By uncanny coincidence, another Hawaii team -- the Waipio Little League -- is basking in its World Series victory even as the Gulf Coast braces for another storm, Hurricane Gustav, that carries the potential of destroying much of what has been rebuilt.
Hurricane Gustav is not slowing down anytime soon, many Hawaii volunteers are flying to the mainland to help the American Red Cross.
At least 11 members of the Hawaii chapter of the American Red Cross will help with the relief operations. Some are going to Texas, while others are heading straight to New Orleans.
"We're telling our volunteers that this may be an emotional assignment because they are going into an area not only impacted by a major hurricane, but it's also the hurricane's anniversary," said Jennifer Walter, a Hawaii Red Cross spokeswoman.
For some Hawaii residents, the fear of Hurricane Gustav hitting Louisiana today resonates louder as they recall the destruction by Katrina.
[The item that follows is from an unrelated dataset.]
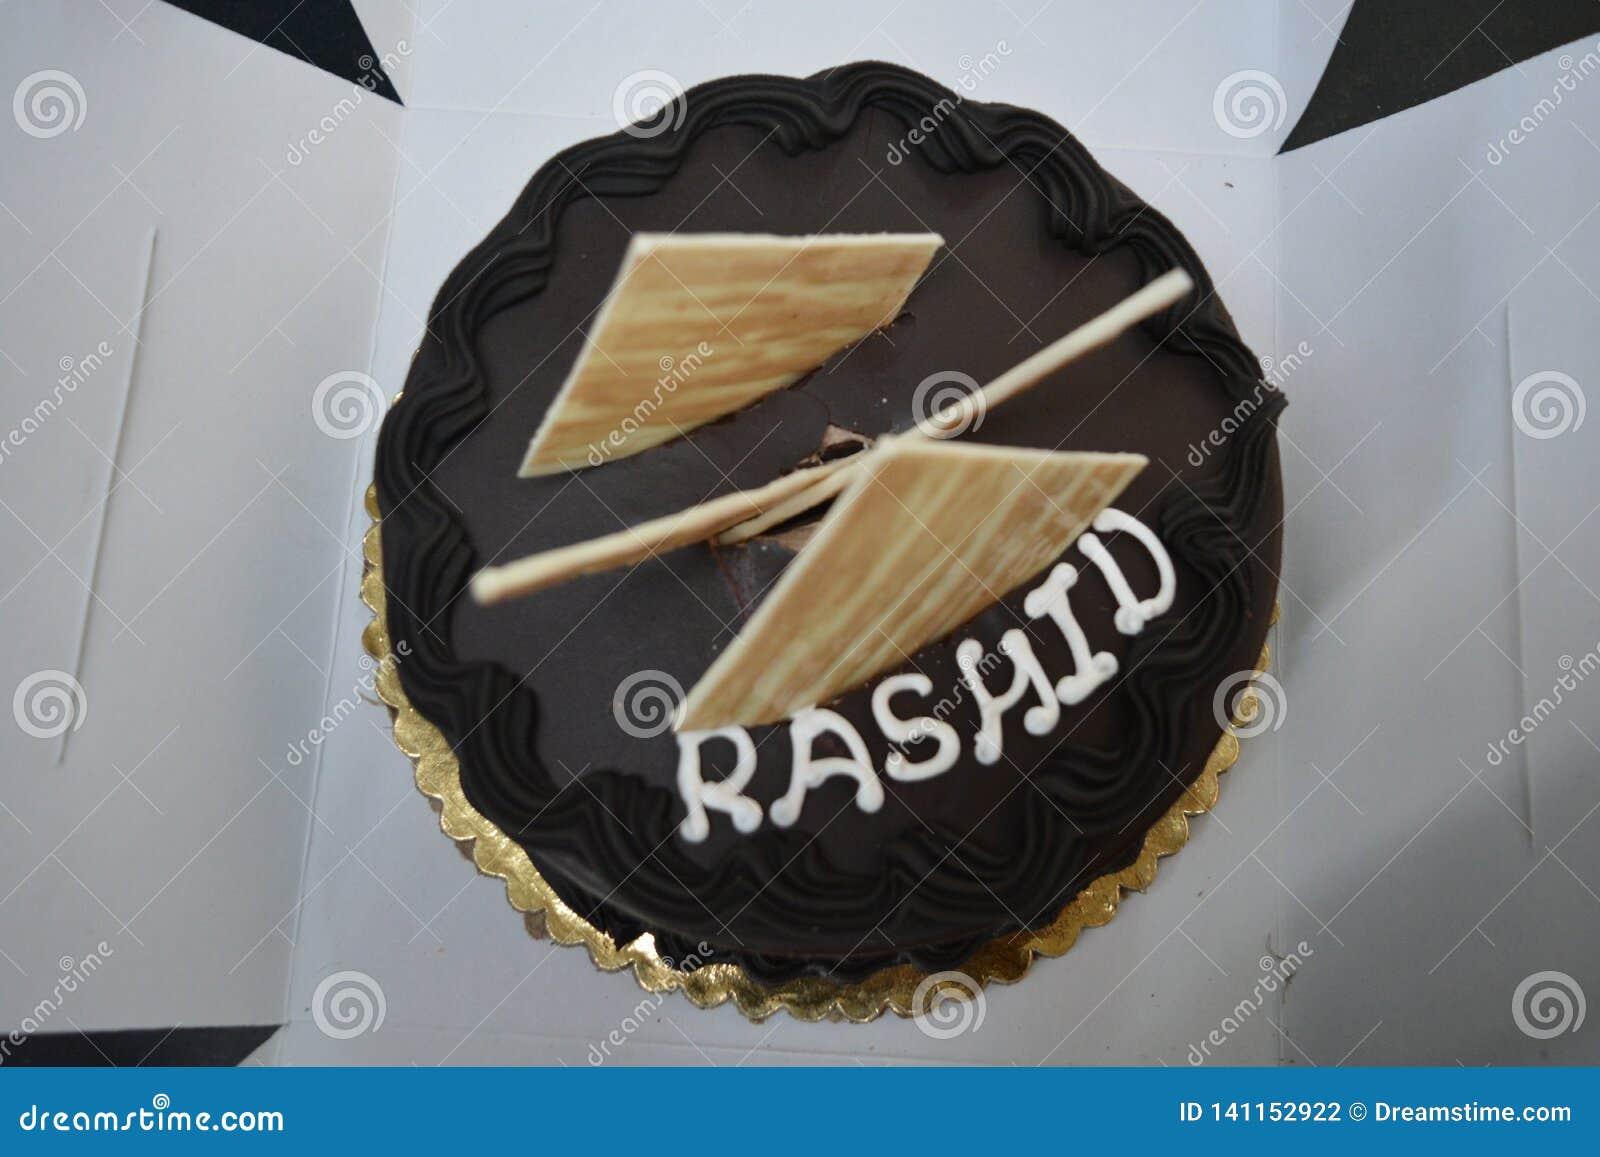 Torta di compleanno con il nome Rashid

"It's pretty emotional for us here right now," said Doreen Kitagawa, one of four Honolulu emergency workers in New Orleans for a convention when Katrina hit on Aug. 29, 2005. "We know people there now. When I heard about Gustav, I thought, 'Oh no, here we go again.' It sounds like this one might be worse than Katrina. The good part about it, in a sense, is that everybody in New Orleans is prepared, and the evacuation process has gotten a lot faster."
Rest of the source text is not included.